Greg Chappell's 1980-81 teams staged the "canary yellow" pyjama revolution and Australian sides have stuck with variations of it as the predominant colour through Southern Cross stars and horizontal stripes, thunderbolts striking over Craig McDermott's chest in 1992-93 and the Spiderman style of 2003-04. In this summer's currently name-less tri-series the only gold patches will belong to the players' names and numbers, the stars on the Southern Cross logo and the manufacturer's stripes on the shoulders.
When the squad uses the kit for the first time against England on January 12, the Australians will show off the same dominant colour as Bangladesh, South Africa, Pakistan and Kenya, but it's unlikely the rest of the world's teams will be green with envy. At the first showing the kit appears to have been picked up from surplus stock of army-style casual gear during the squad's pre-season boot camp.
Designed in consultation with the players, the new-age uniforms include fabric colour-matching to an original baggy green cap, no collar, a "sun protection neck line" and a "mesh zip neck". "It feels great," Ricky Ponting told AAP at the SCG launch. "It's very light-weight. In the conditions we play in around the world it's important that you have the right technology and materials in your shirt.


Spidermen: Ponting with Andrew Symonds © Getty Images
"The guys won't have to be flicking their collars right up through the game. The zip at the front will enable the collar to stay up and keep the sun off the back of our necks, which is obviously very important."
Player kits change as often as venues for spring fashion parades and the view of Alan Barnes, the former Australian Cricket Board secretary, becomes more outdated every season. "Pardon me," he said during the original forays into non-white fashion, "but I've always thought people watched cricket for the play, not the décor."

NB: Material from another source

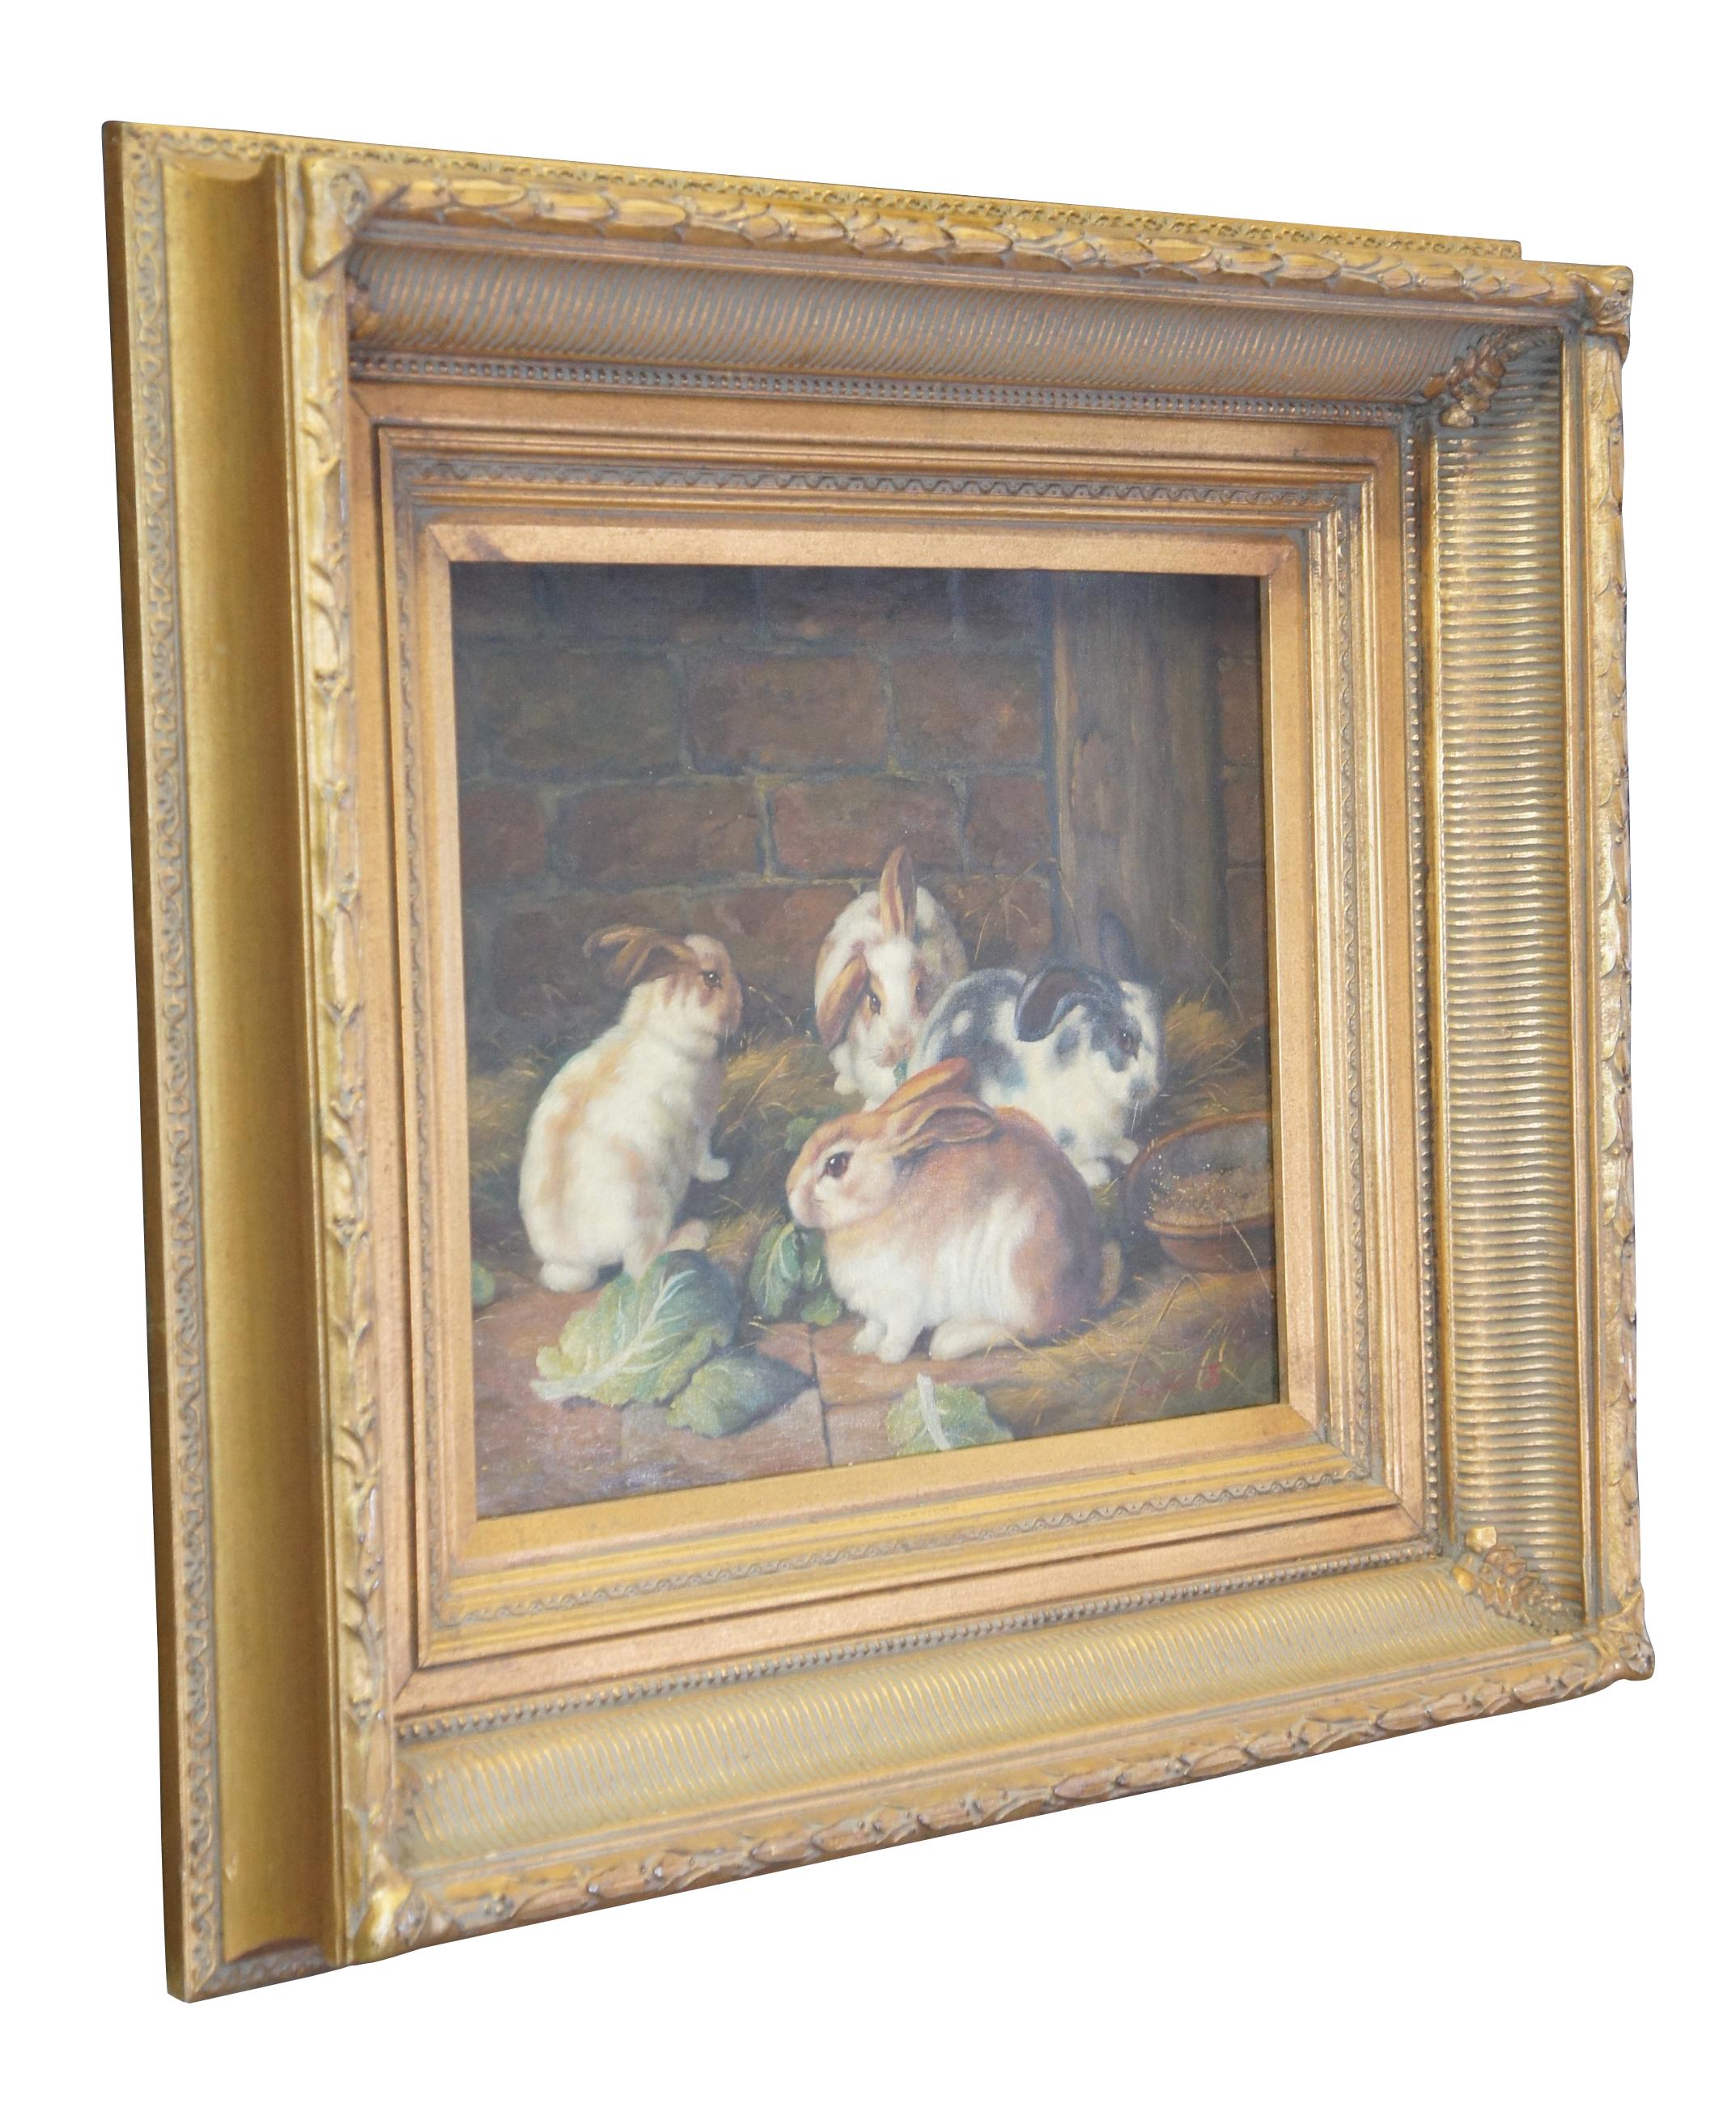 A lovely 20th century painting of Rabbits eating cabbage in a farmhouse setting. The oil painting is signed along the lower right side of the canvas by Nicolas. Features an ornately detailed French frame in tarnished gold.

Sans Frame - 20

This season Cricket Australia, the swankier, 21st century version of the ACB, is using the uniform in money-making and patriotic schemes - it wants to ensure the local crowd is not out-cheered or out-numbered by England fans during the Ashes. As part of CA's "Go Off in Green and Gold" campaign, which was also launched today, every person who buys a replica shirt will have the opportunity to stand in one of three huge photos with the Australian team in Brisbane, Melbourne and Sydney.